** Opening MATERIAL FOR THIS EXERCISE block **
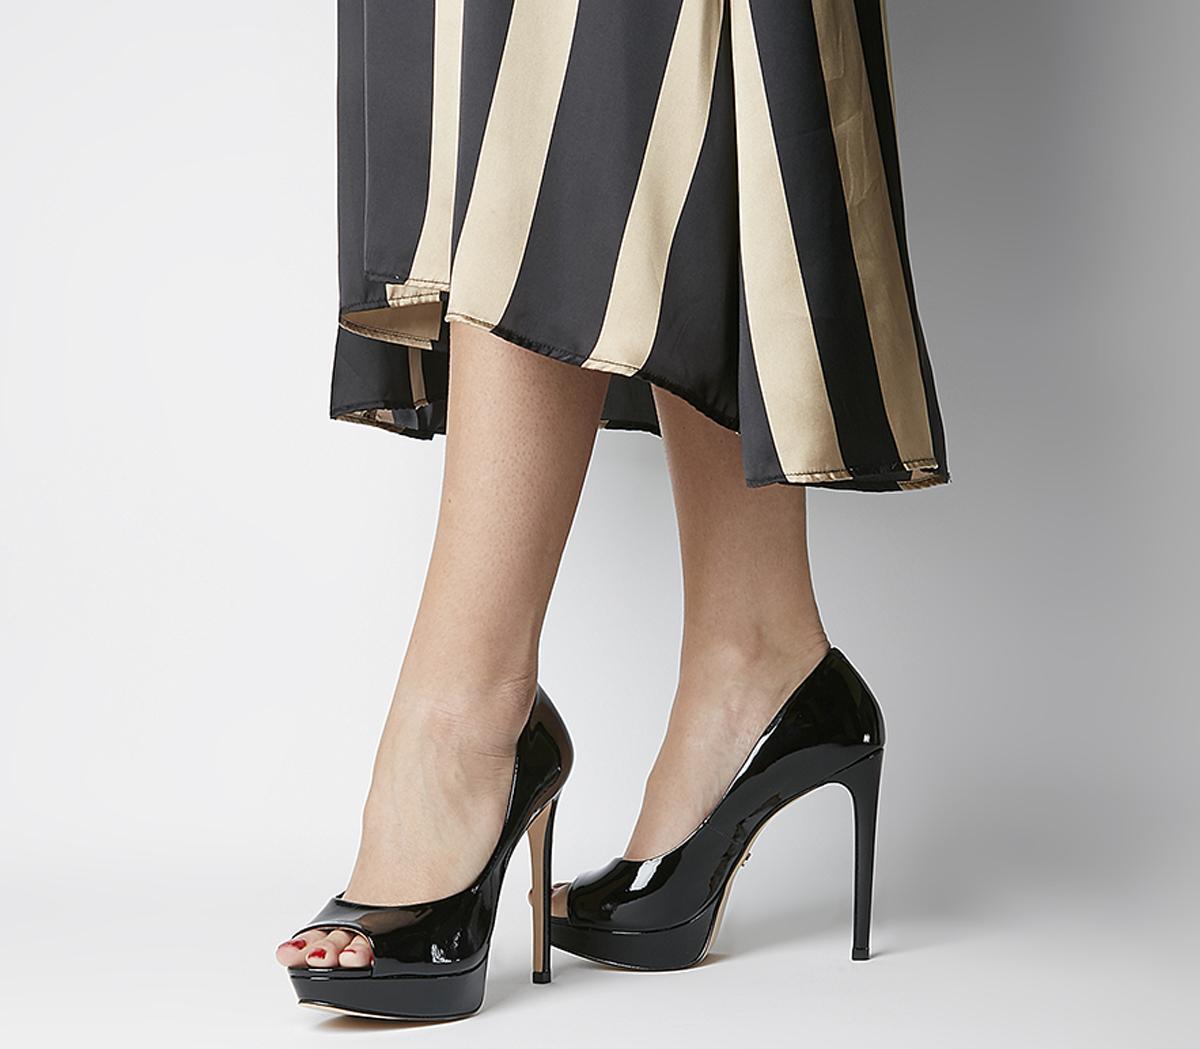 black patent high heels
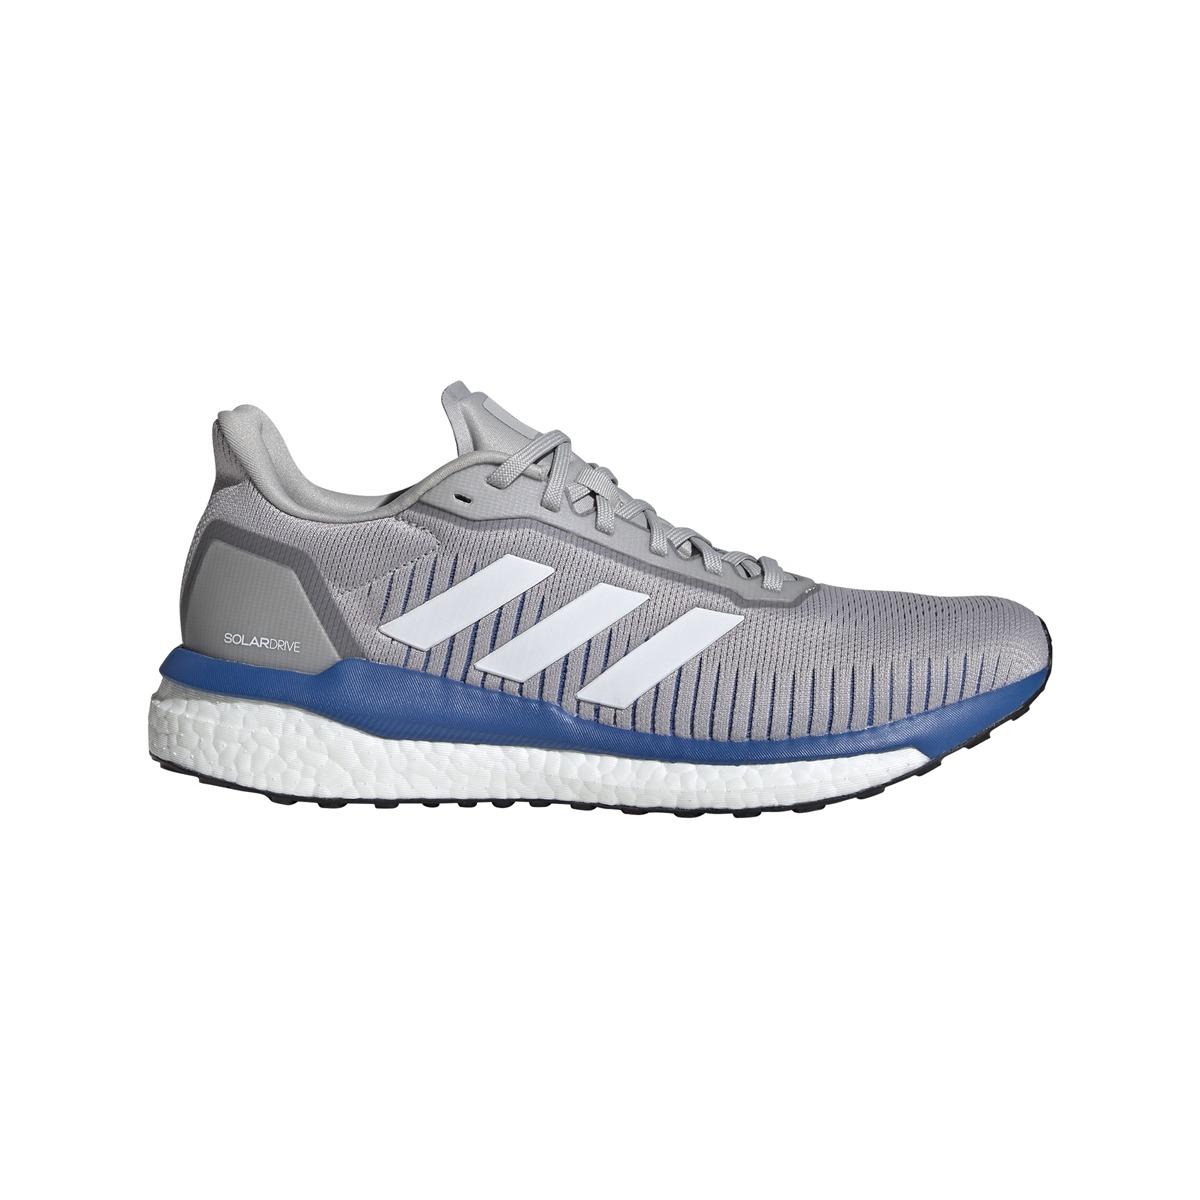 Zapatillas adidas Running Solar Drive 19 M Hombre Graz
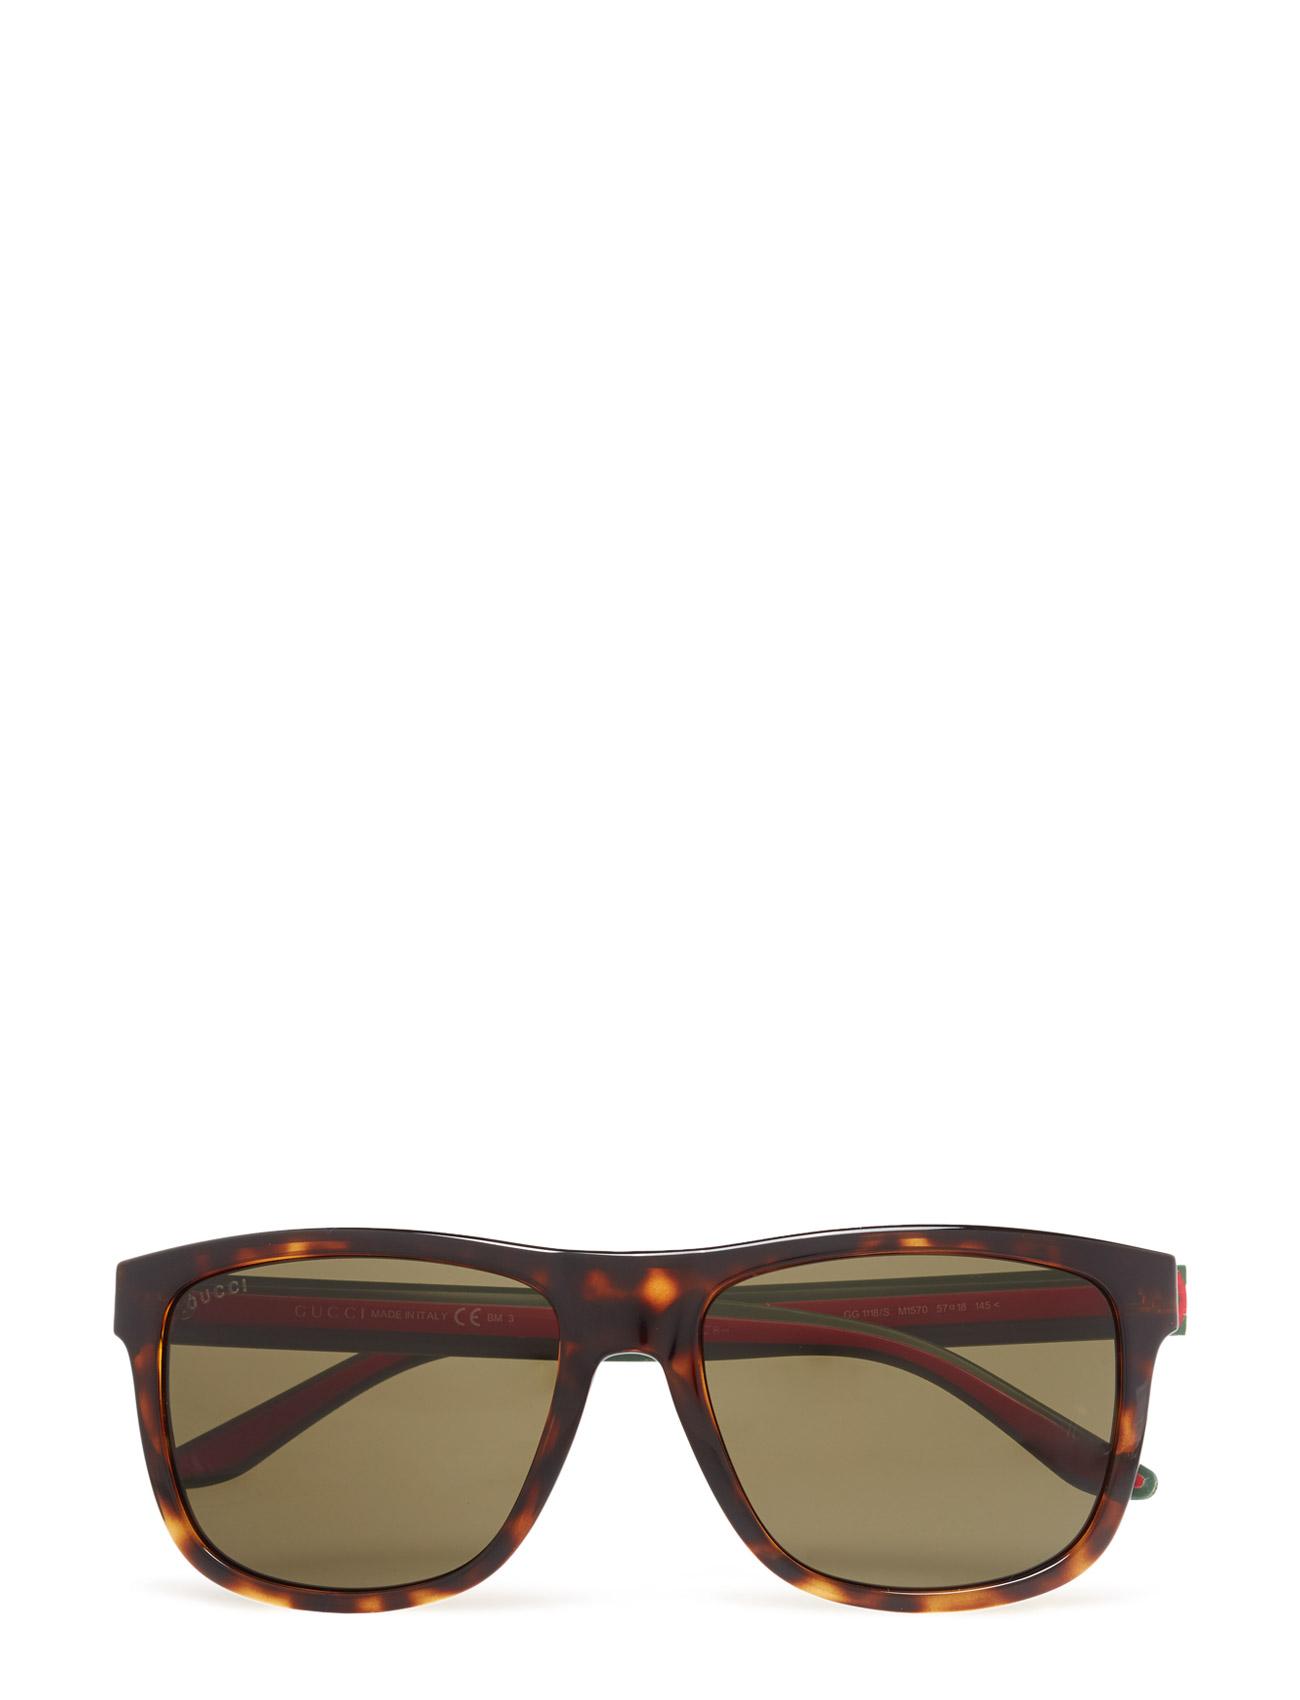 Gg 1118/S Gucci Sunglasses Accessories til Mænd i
** Closing MATERIAL FOR THIS EXERCISE block **
** Opening MATERIAL FOR THIS EXERCISE block **
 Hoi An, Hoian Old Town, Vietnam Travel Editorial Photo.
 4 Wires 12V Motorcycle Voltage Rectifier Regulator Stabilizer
** Closing MATERIAL FOR THIS EXERCISE block **
→ **HOW TO COMPLETE THIS TASK**
Everything between and including the line above containing "black patent high heels" and the line containing "Gg 1118/S Gucci" should be reproduced exactly, with pictures excluded.

→ **EXERCISE RESPONSE**
 black patent high heels
 Zapatillas adidas Running Solar Drive 19 M Hombre Graz
 Gg 1118/S Gucci Sunglasses Accessories til Mænd i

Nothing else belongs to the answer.